A few things worth noting. The echo lines at the start let you see exactly when and where the job ran, which is invaluable if something goes wrong or if you need to report an issue to the sysadmins. --mail-type=END,FAIL means you get an email when the job finishes or crashes — you don't need to keep checking squeue manually. Passing $SLURM_JOB_ID to the output directory means each run's checkpoints land in their own folder, so you never accidentally overwrite a good checkpoint.

11. Debugging When Things Go Wrong

Jobs fail. Here's a quick checklist, ordered by how often each issue actually comes up.

Job stays PD (Pending) indefinitely

Check the REASON column in squeue:

squeue -u $USER -o "%.18i %.9P %.30j %.8u %.8T %.10M %.9l %.6D %R"

Resources — normal, waiting for resources to free up
ReqNodeNotAvail — your resource request can't be satisfied by any node; reduce memory, time, or fix GPU name
QOSMaxJobsPerUserLimit — you've hit a per-user job limit; wait for existing jobs to finish
Priority — other users have higher priority; your job will run eventually

Job starts but immediately exits with an error

Check the .err file first — the answer is almost always in there:

cat logs/finetune_v2-123456.err

Common causes: forgot to activate conda environment, wrong Python path, CUDA version mismatch, or a missing output directory that your script assumes exists.

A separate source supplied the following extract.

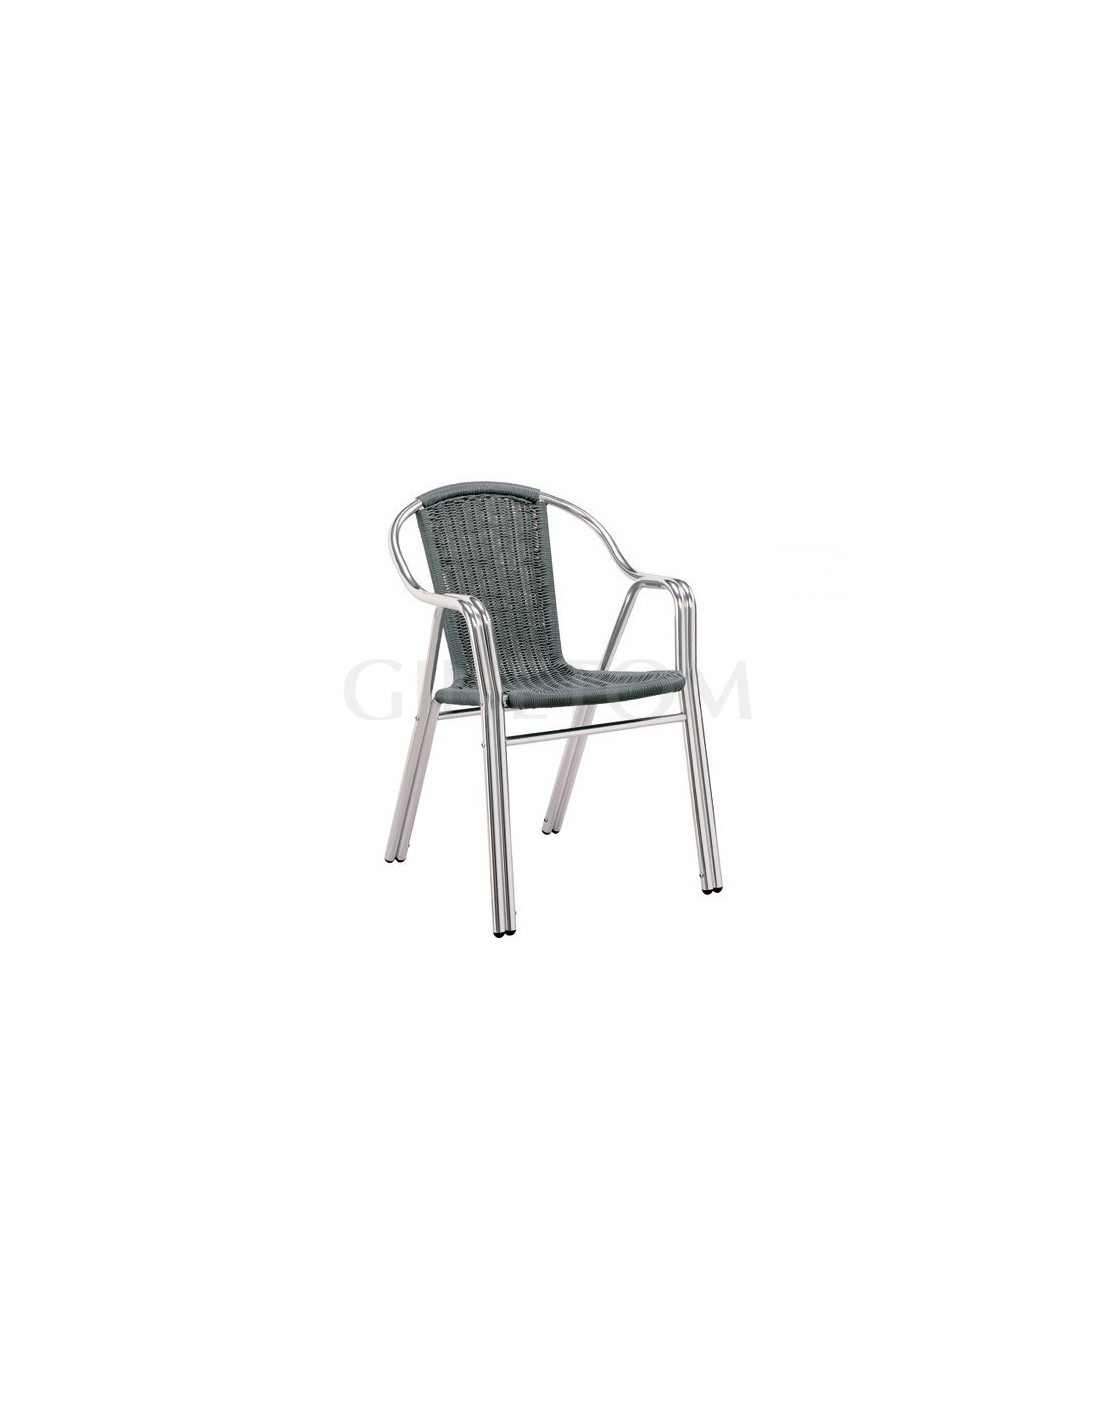 Silla de aluminio pe especial hosteleria - Sillas de aluminio ...

"Requested node configuration is not available"

Your resource combination doesn't exist. Common culprits: GPU name typo, memory larger than any single node, or requesting a GPU in a CPU-only partition. Fix: run scontrol show nodes | grep Gres to get the exact GPU name, and check per-partition limits with sinfo -l.

Job runs but produces wrong results

For array jobs, double-check that $SLURM_ARRAY_TASK_ID is wired up correctly and that output files aren't overwriting each other. Print the ID at the start of your script to confirm:

echo "Array task ID: $SLURM_ARRAY_TASK_ID"

Out of memory (OOM) kill

The job dies silently or you see Killed in the log. Check with:

sacct -j <job_id> --format=JobID,State,MaxRSS,Elapsed

If State shows OUT_OF_MEMORY, increase --mem and resubmit.

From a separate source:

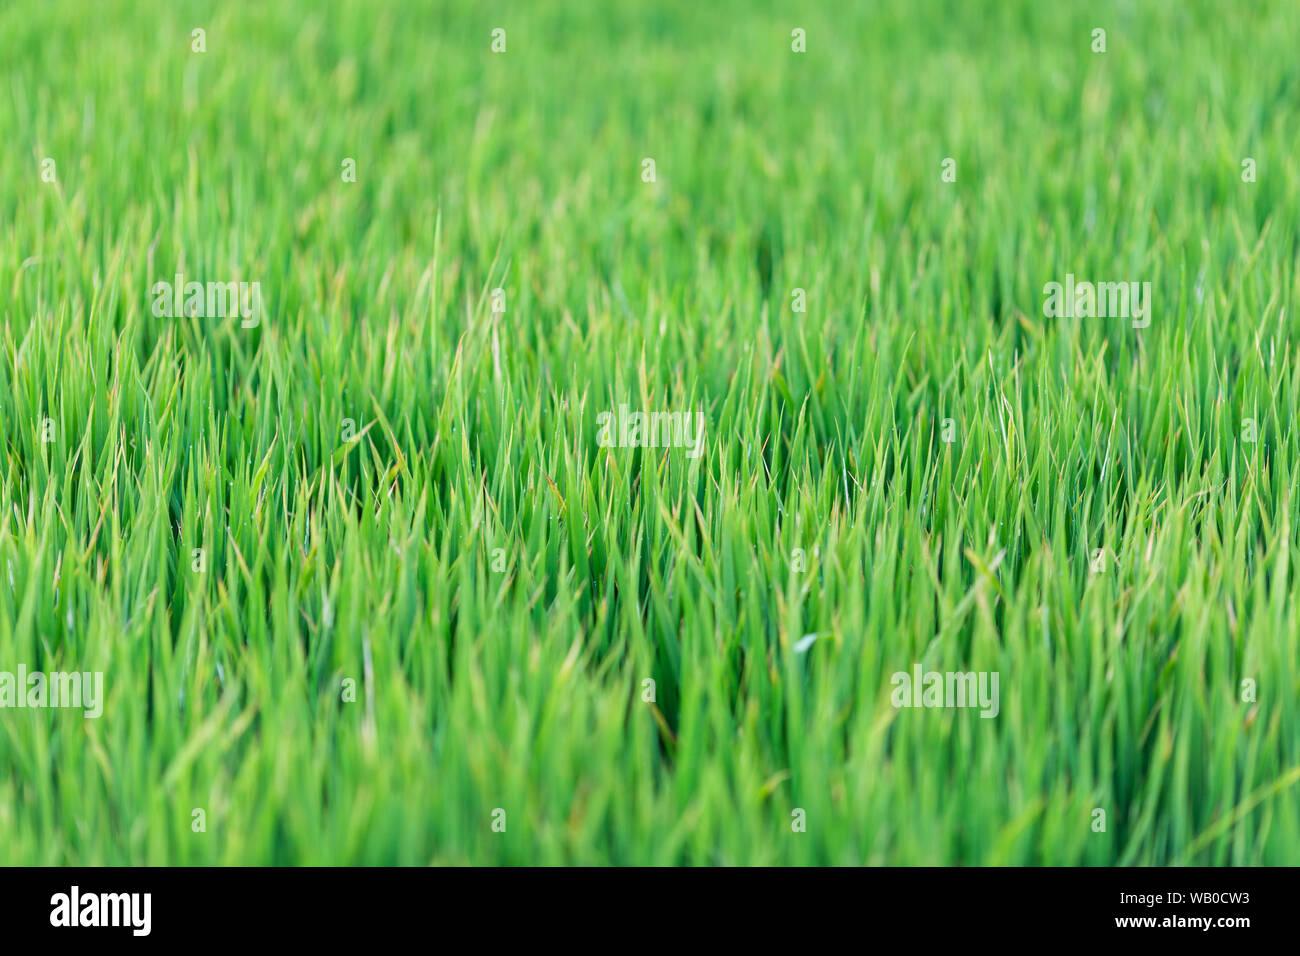 Green Grass Texture Background Green Lawn Backyard For Background Wallpaper Green Lawn Desktop Picture Park Lawn Texture Wet Grass Texture With Stock Photo Alamy

12. Habits Worth Developing Early

Always test with a short time limit first. Before submitting a 3-day job, run the same script with --time=00:15:00 on a small subset of data. You'll catch environment issues, path errors, and obvious bugs before wasting queue time on a job that crashes after 10 minutes.

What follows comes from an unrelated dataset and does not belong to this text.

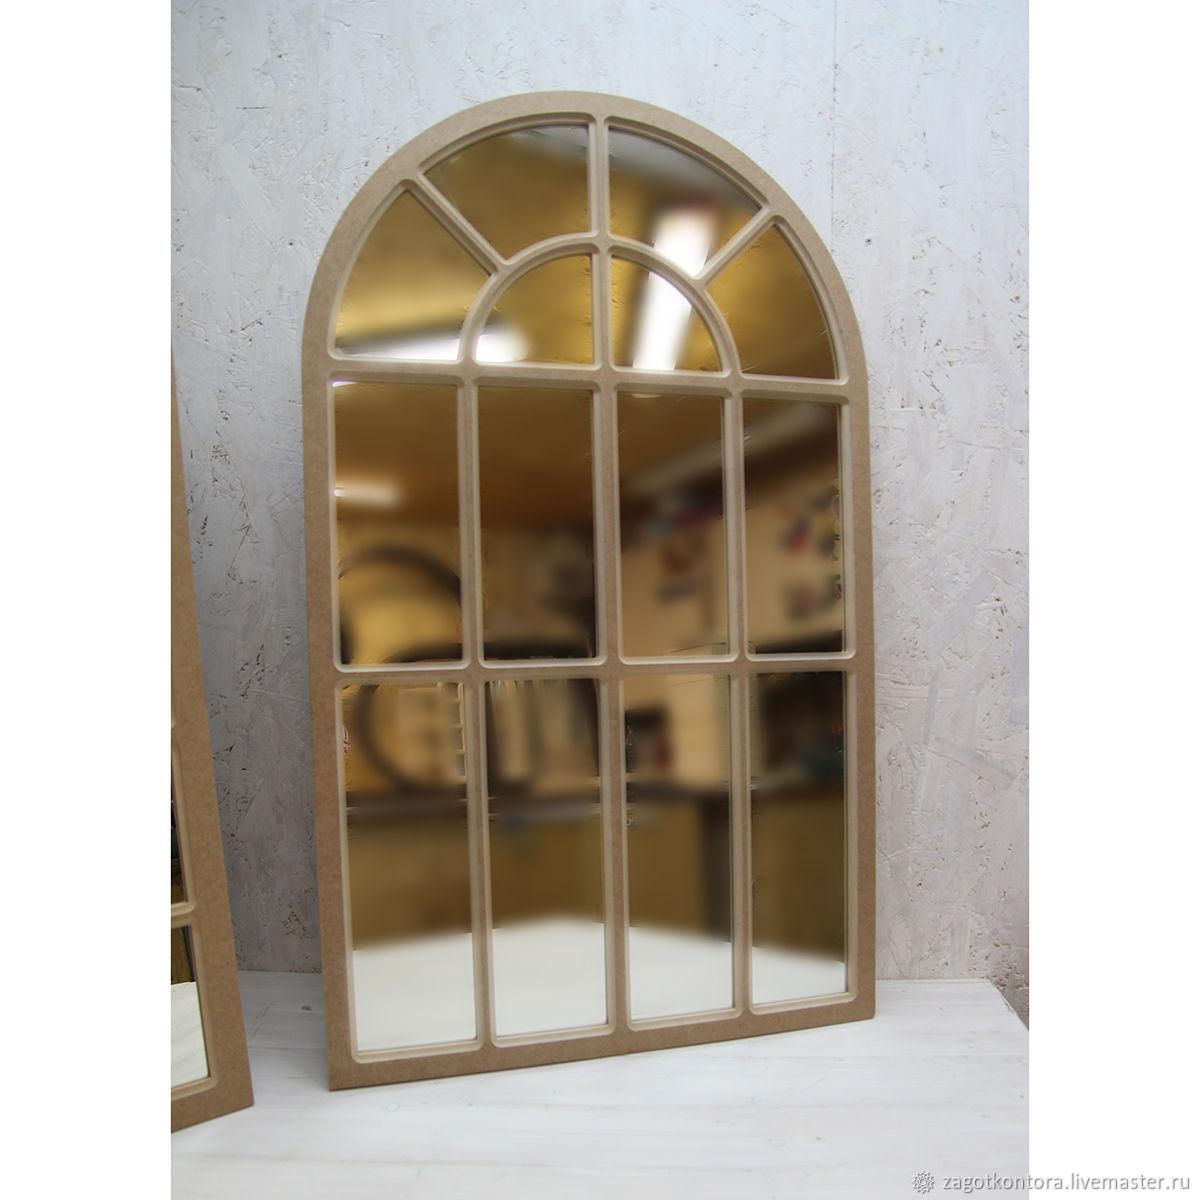 Рама арочная с переплётом для зеркала, Зеркала, Москва,  Фото №1

Keep your resource requests honest. Asking for 512G of RAM when your job uses 40G takes resources away from other users and makes your own job harder to schedule. Most clusters have accounting — admins notice patterns, and users who consistently over-request resources often find themselves deprioritised.

Save working scripts as templates. Once you have a script that submits cleanly, runs correctly, and uses reasonable resources, keep it. You'll run similar jobs dozens of times across a project. Having a known-good template prevents a whole class of bugs.

Use --mail-type=END,FAIL. There's no reason to watch squeue manually. Let SLURM email you when something finishes or breaks. You can then check results and resubmit immediately rather than noticing 8 hours later that your job crashed.

Check sacct after every successful job. sacct -j <job_id> --format=JobID,MaxRSS,Elapsed tells you actual memory usage and wall time. Use this to calibrate future resource requests — it's the only reliable way to know what your code actually needs rather than what you guessed.